Gannon CC 3rd Apr, 2011
Hi you need to look at your deeds it should state on then which is your fence line
i have one property were it is the left hand side as you view the house and another its the right hand side. in scotland you both sides are jointly responsible for the fence line.
hope this helps, sorry cant help with the misserable git i take it that crossing his plam with silver would not help ether.
all the best dave
The Property Maintenance Team 3rd Apr, 2011
boundaries are normally to the left of your property,so if the fence as you look out your door to the left is the 1 in question then i think youll find this is yours,then just overhand point that side as you go
substructure 2nd Apr, 2011
Usually if the face of the panel is your clients side then it is the neighbours fence.
dougcusdenlandscapes 3rd Apr, 2011
your title deeds should tell you who owns which fence/hedge as long as the property has been registered with the land registry, regardsTerry.
tm property services 3rd Apr, 2011
hi if possible find boundary line and build just inside it that way your neighbor cant do anything as your inside your boundary even if its only 100mm
Lewis 7th Apr, 2011
the best way is to chat with your neighbour and agree to remove the panel/s and do the extansion,probably a new panel will make hi's mind and is only £15-50 the most expensive,looking at the house deeds wor waiting from the councill will just delay project
C.F.C Ltd 12th May, 2011
Hi. As you look at the front of a property, your boundary is normally the right and you are responsible for this side. There will be details of this in your mortgage deeds and associated paperwork which you should check.
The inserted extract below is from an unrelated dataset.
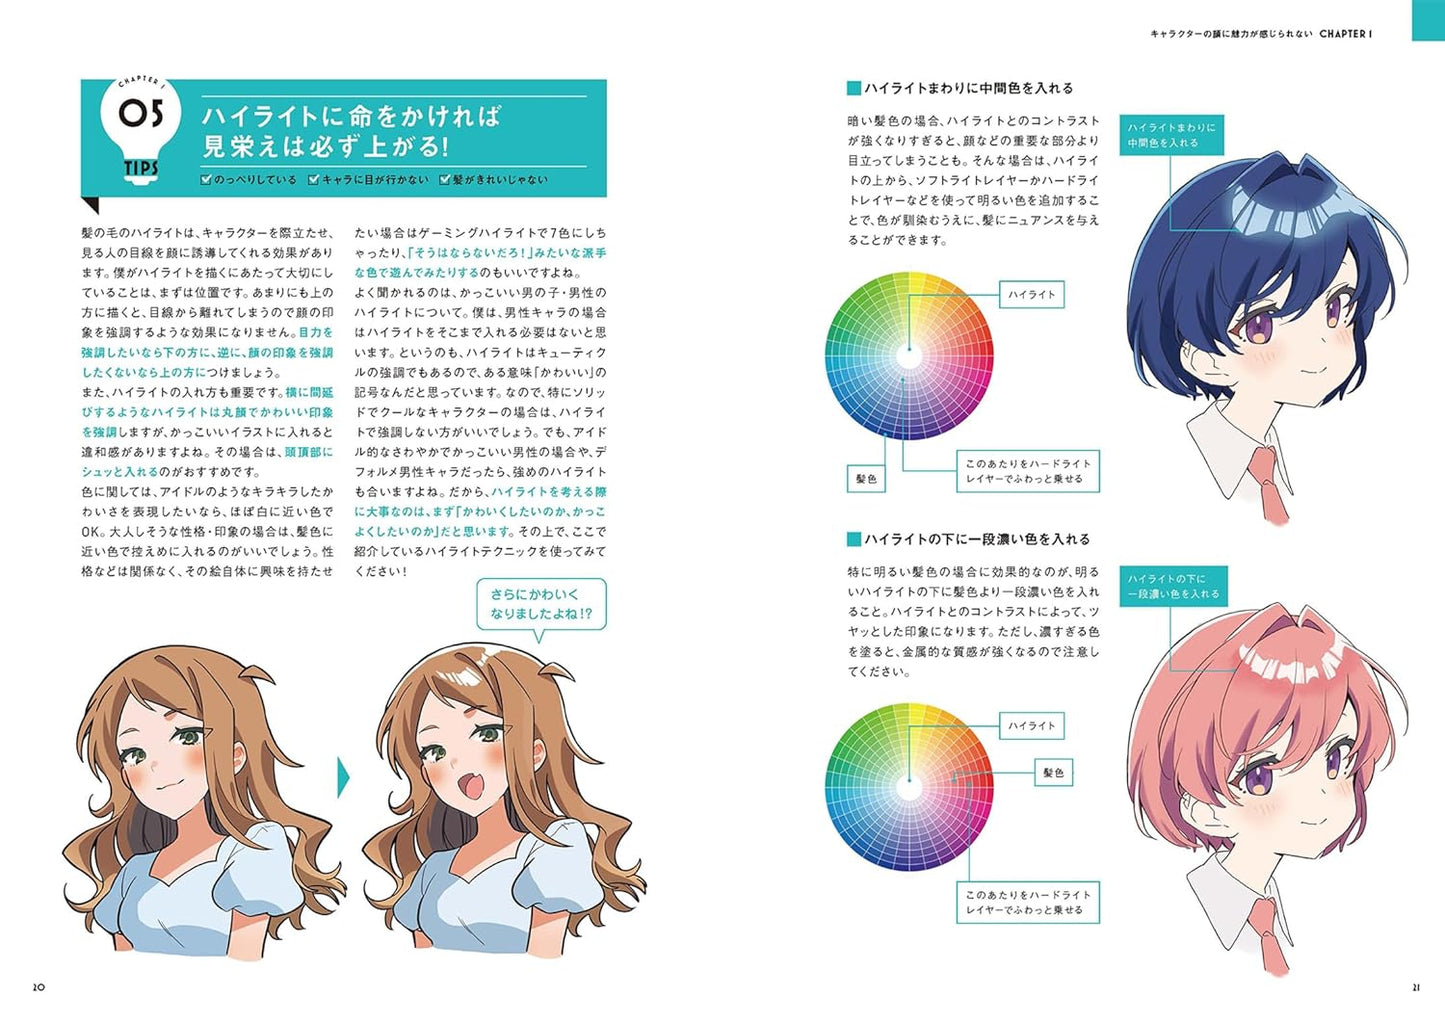 Saito Naoki Style Illustration Finishing Professional Techniques Encyclopedia

Speak to your Architect as they will know about the rights when building an extension on the boundary.
Hope this helps.
NR Building Services 3rd Apr, 2011
As Far as im aware, you take ownership and are liable for the maintainence of the boundary line to the right of your property as you look at it.
You also take shared ownership of the boundary at the back of your garden with the house that lives parralell to you.
if you have had plans drawn and then approved by the council just give them a quick ring they will be able to tell you in no time.